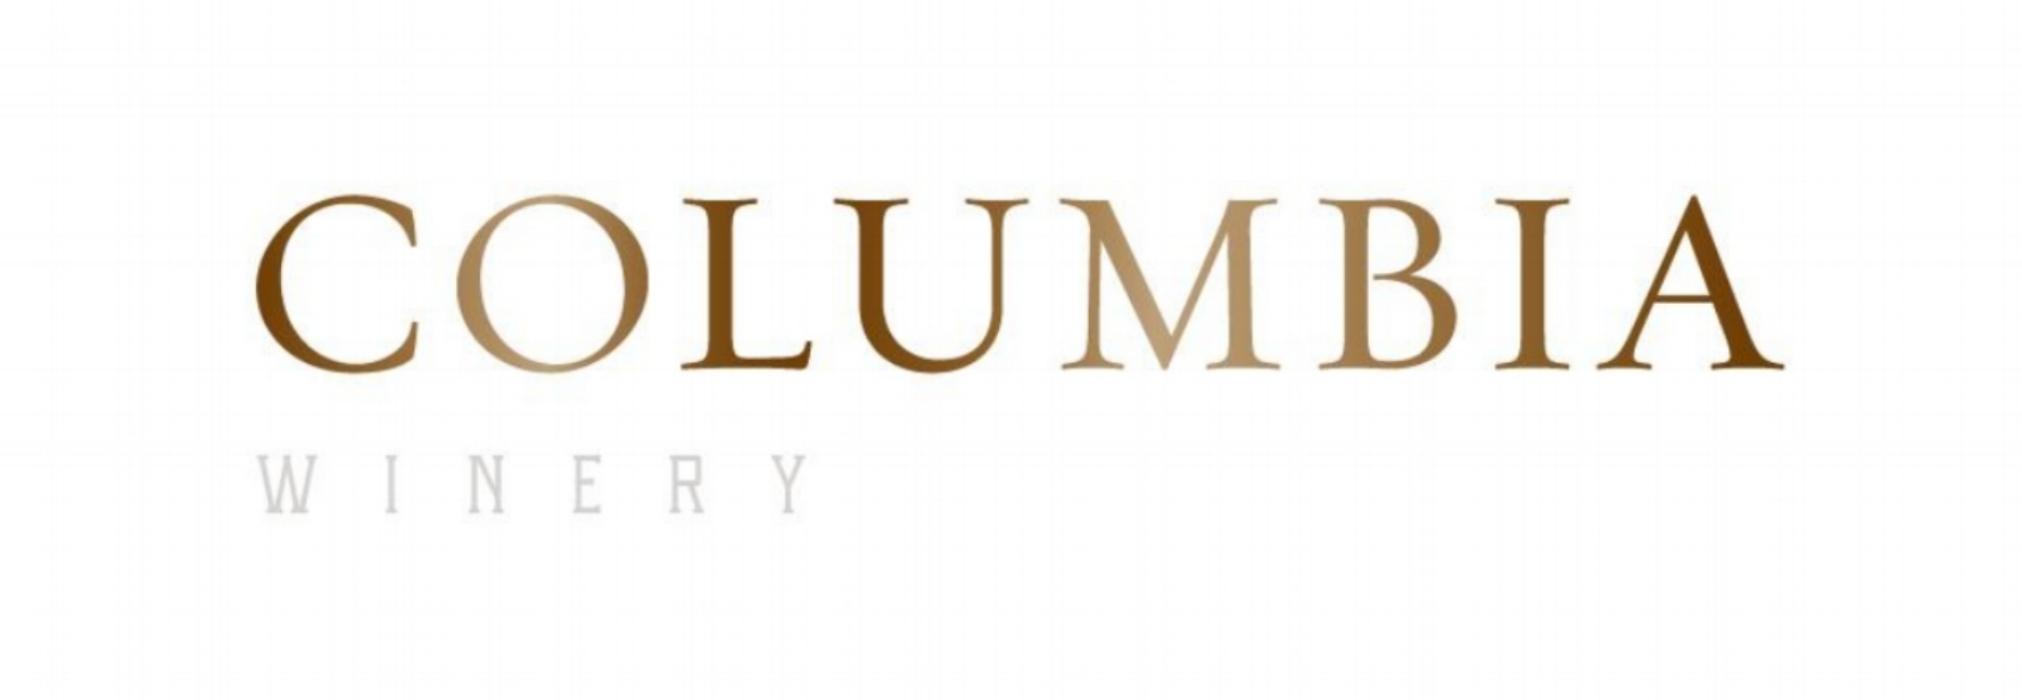 Columbia Logo 2014.jpg
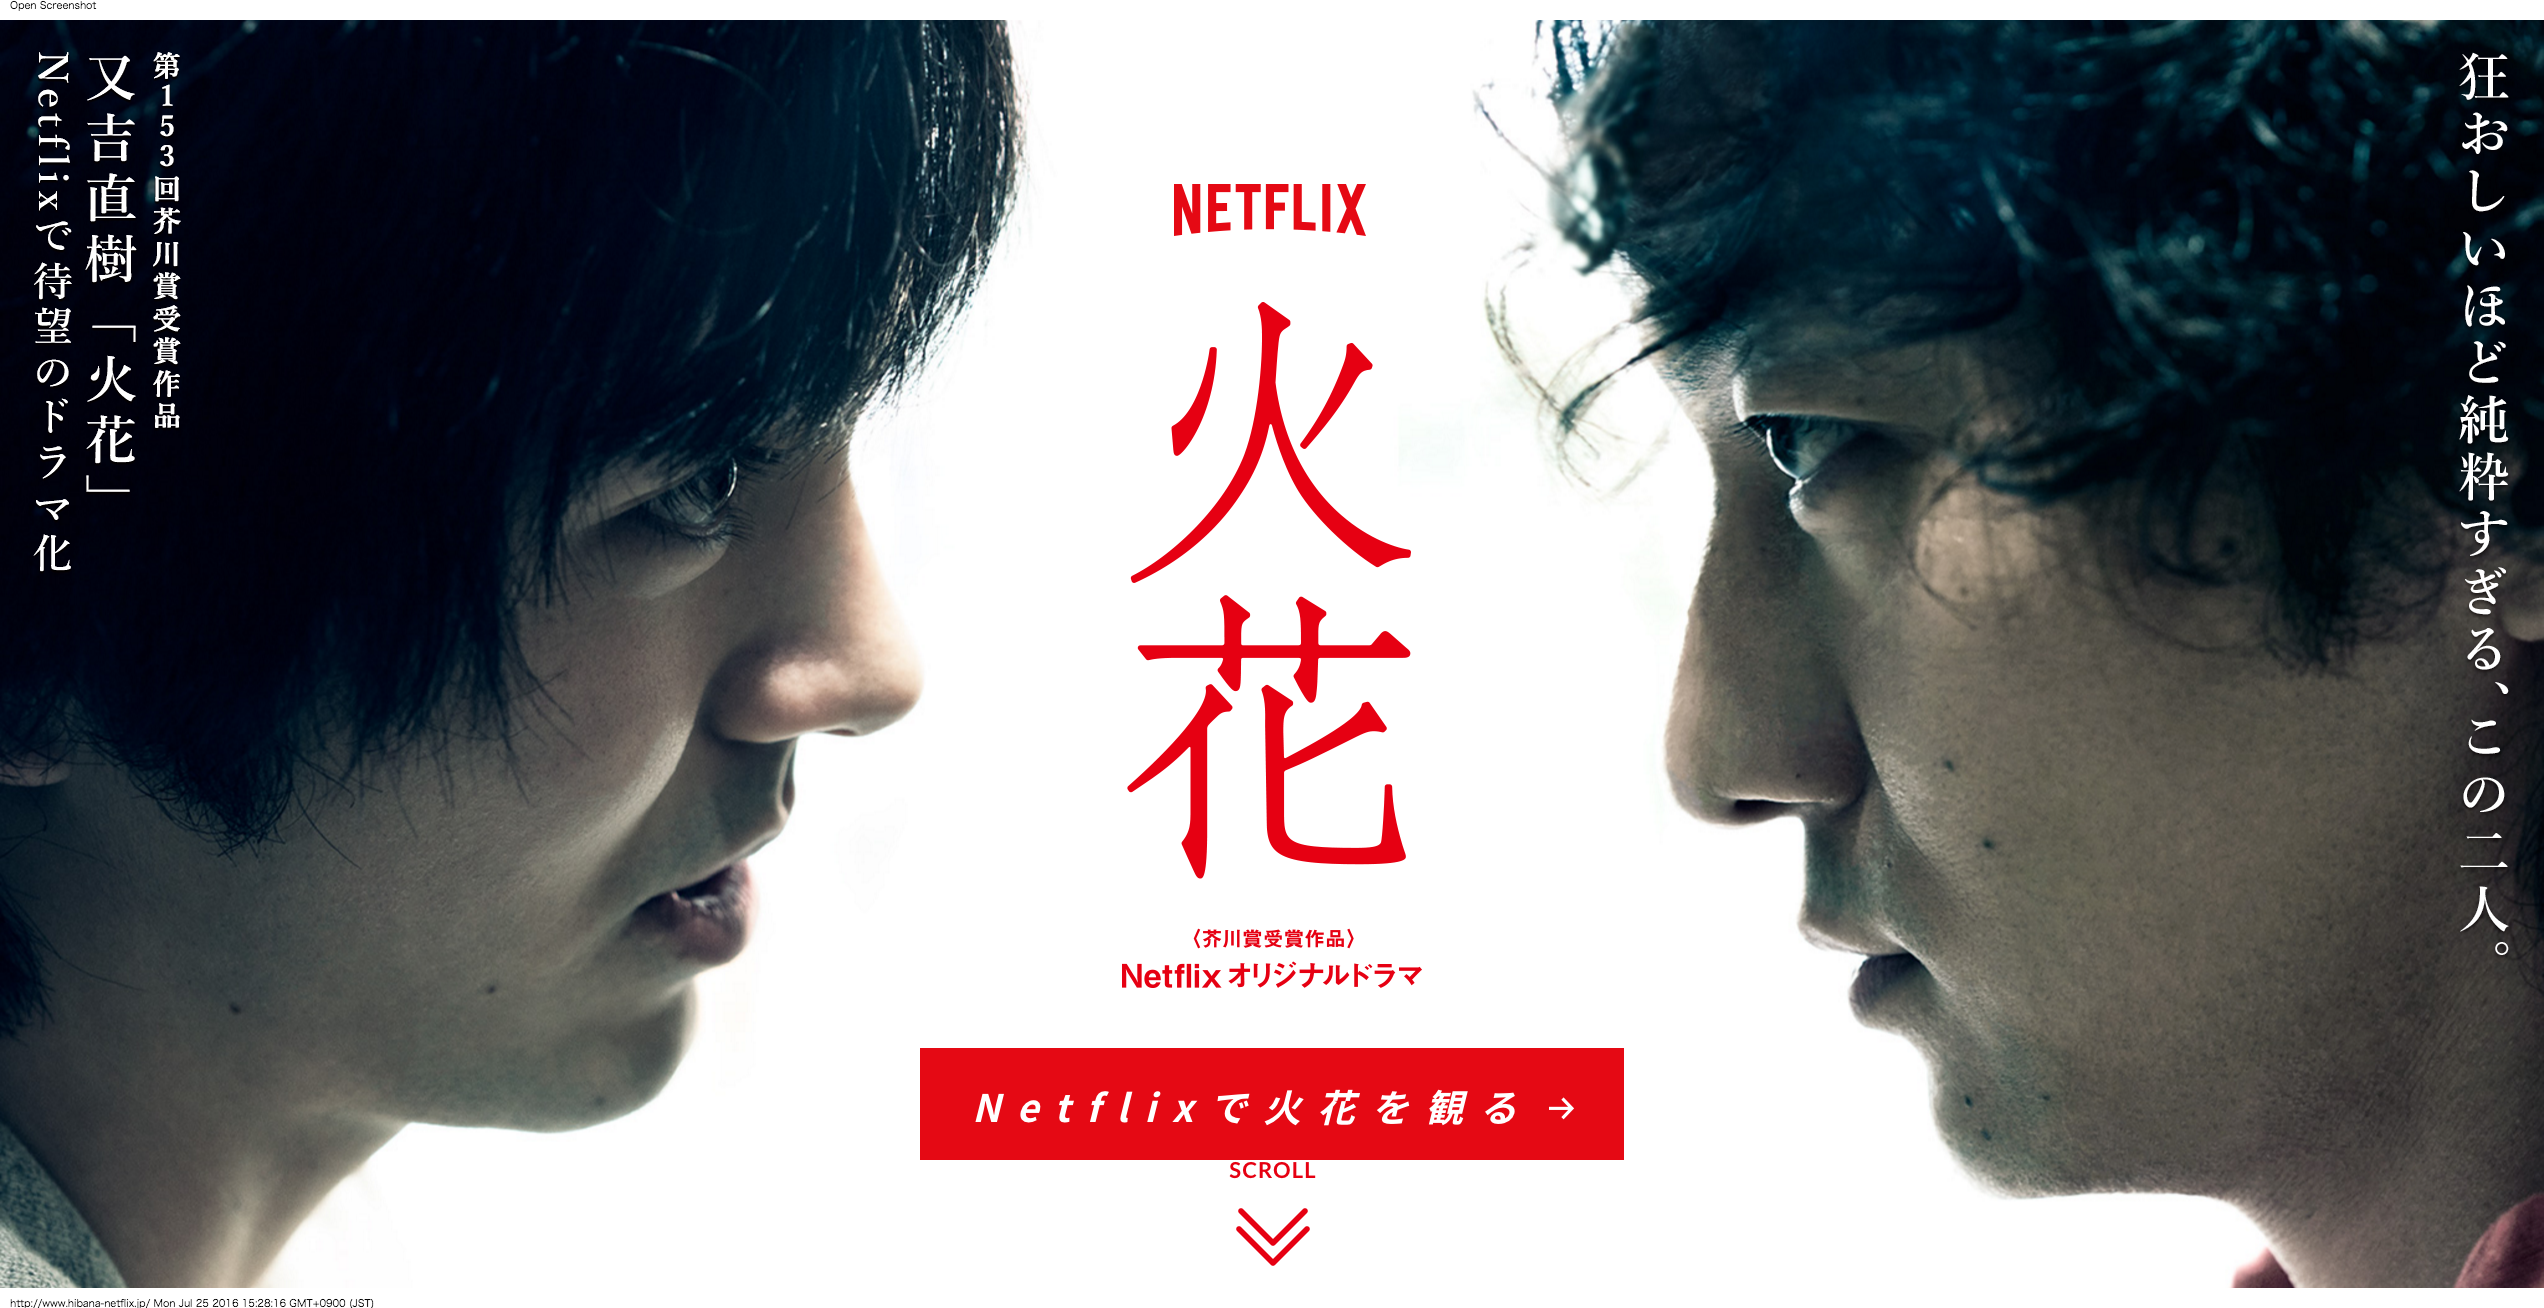 Netflixオリジナルドラマ『火花』公式サイト |  ■モリサワTypeSquare リュウミンB-KL
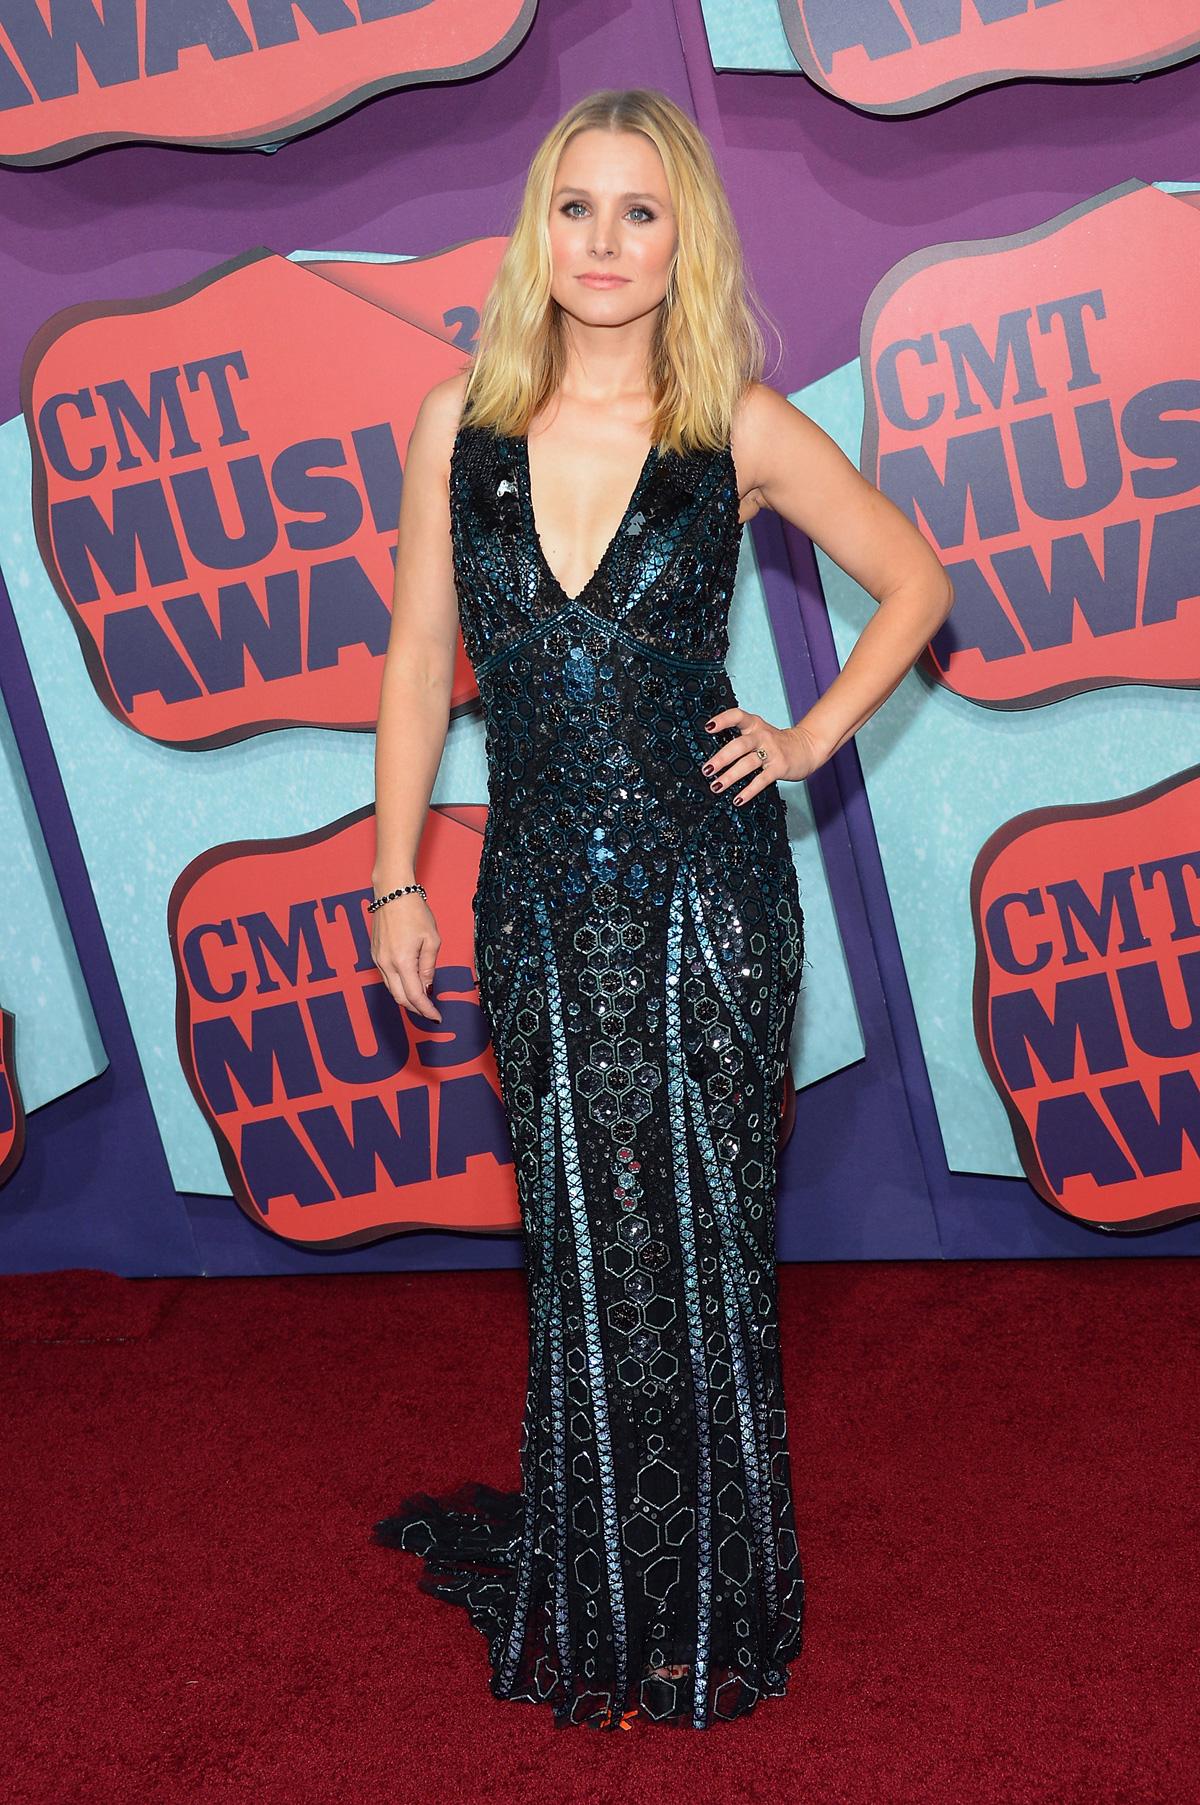 Kristen Bellat the the 2014 CMT Music Awards
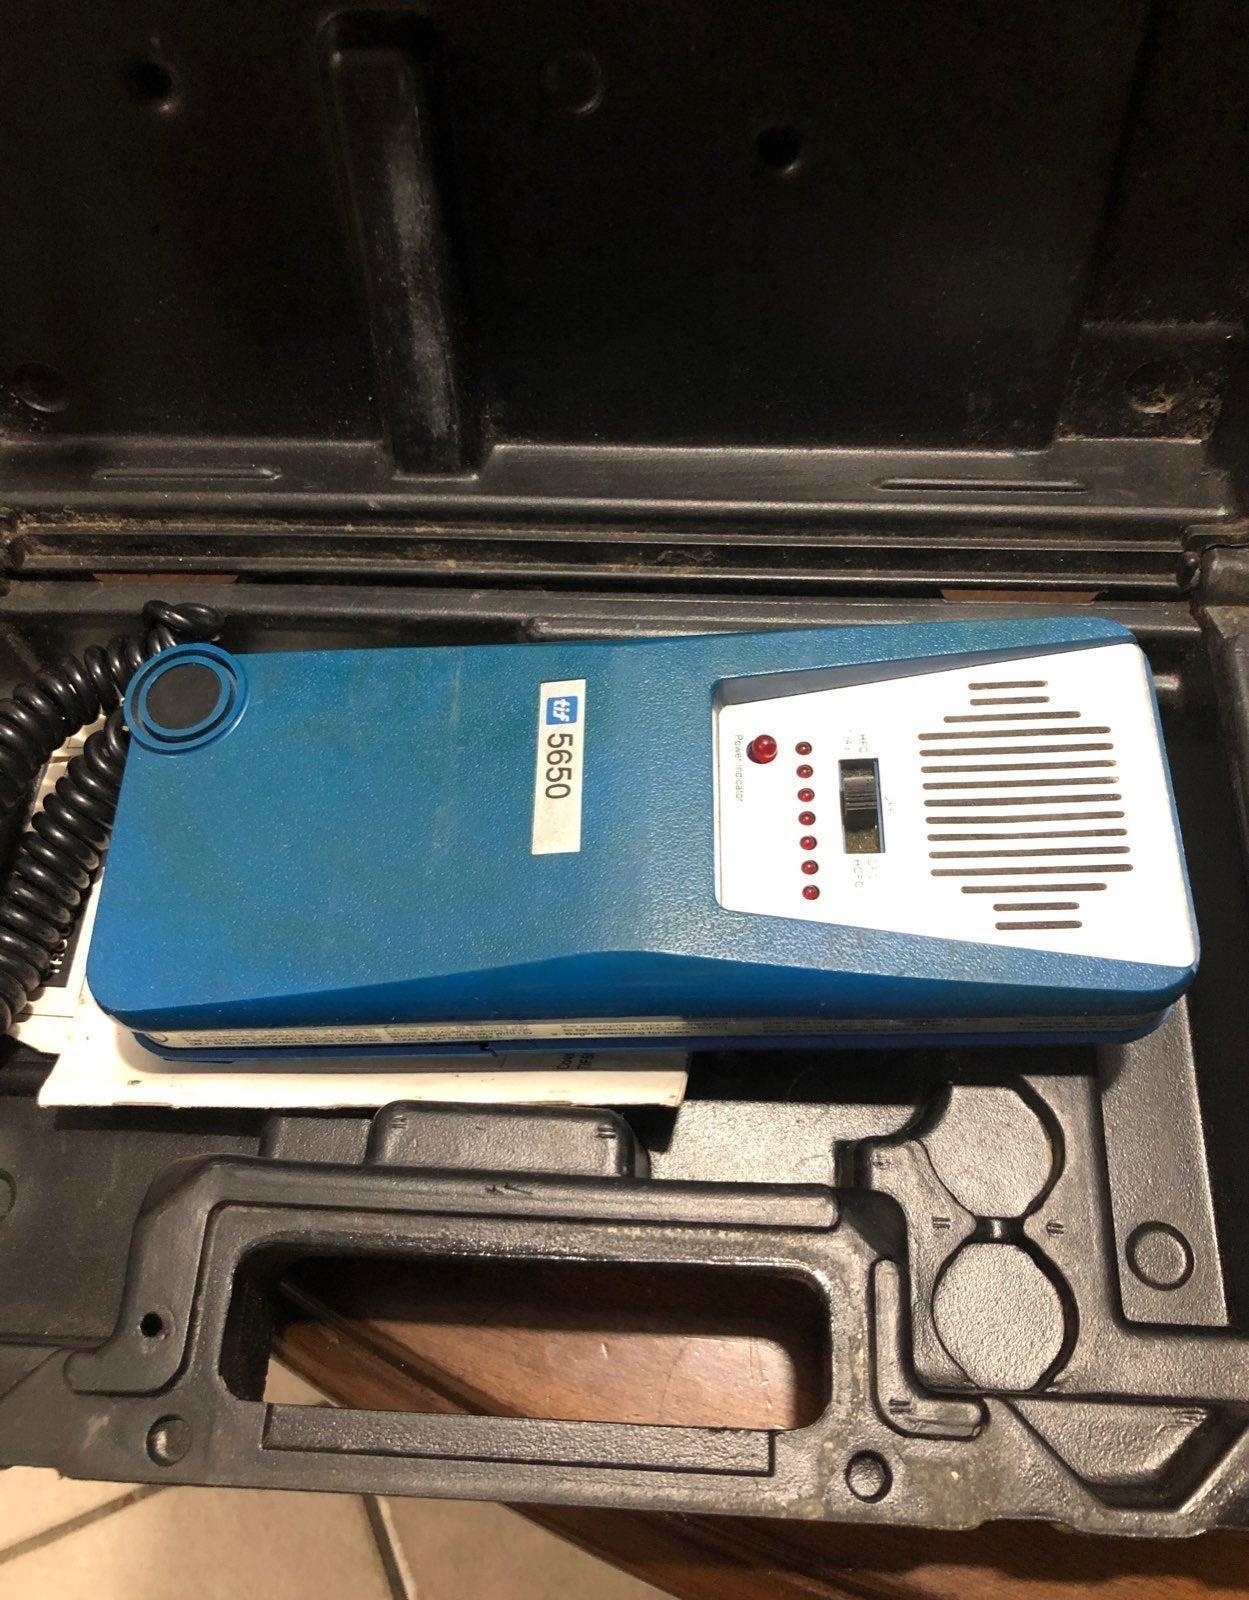 Tif 5650 halogen leak detector

Goal of the exercise - Repeat the data word for word; drop the pictures.

Exercise response -
 Columbia Logo 2014.jpg
 Netflixオリジナルドラマ『火花』公式サイト |  ■モリサワTypeSquare リュウミンB-KL
 Kristen Bellat the the 2014 CMT Music Awards
 Tif 5650 halogen leak detector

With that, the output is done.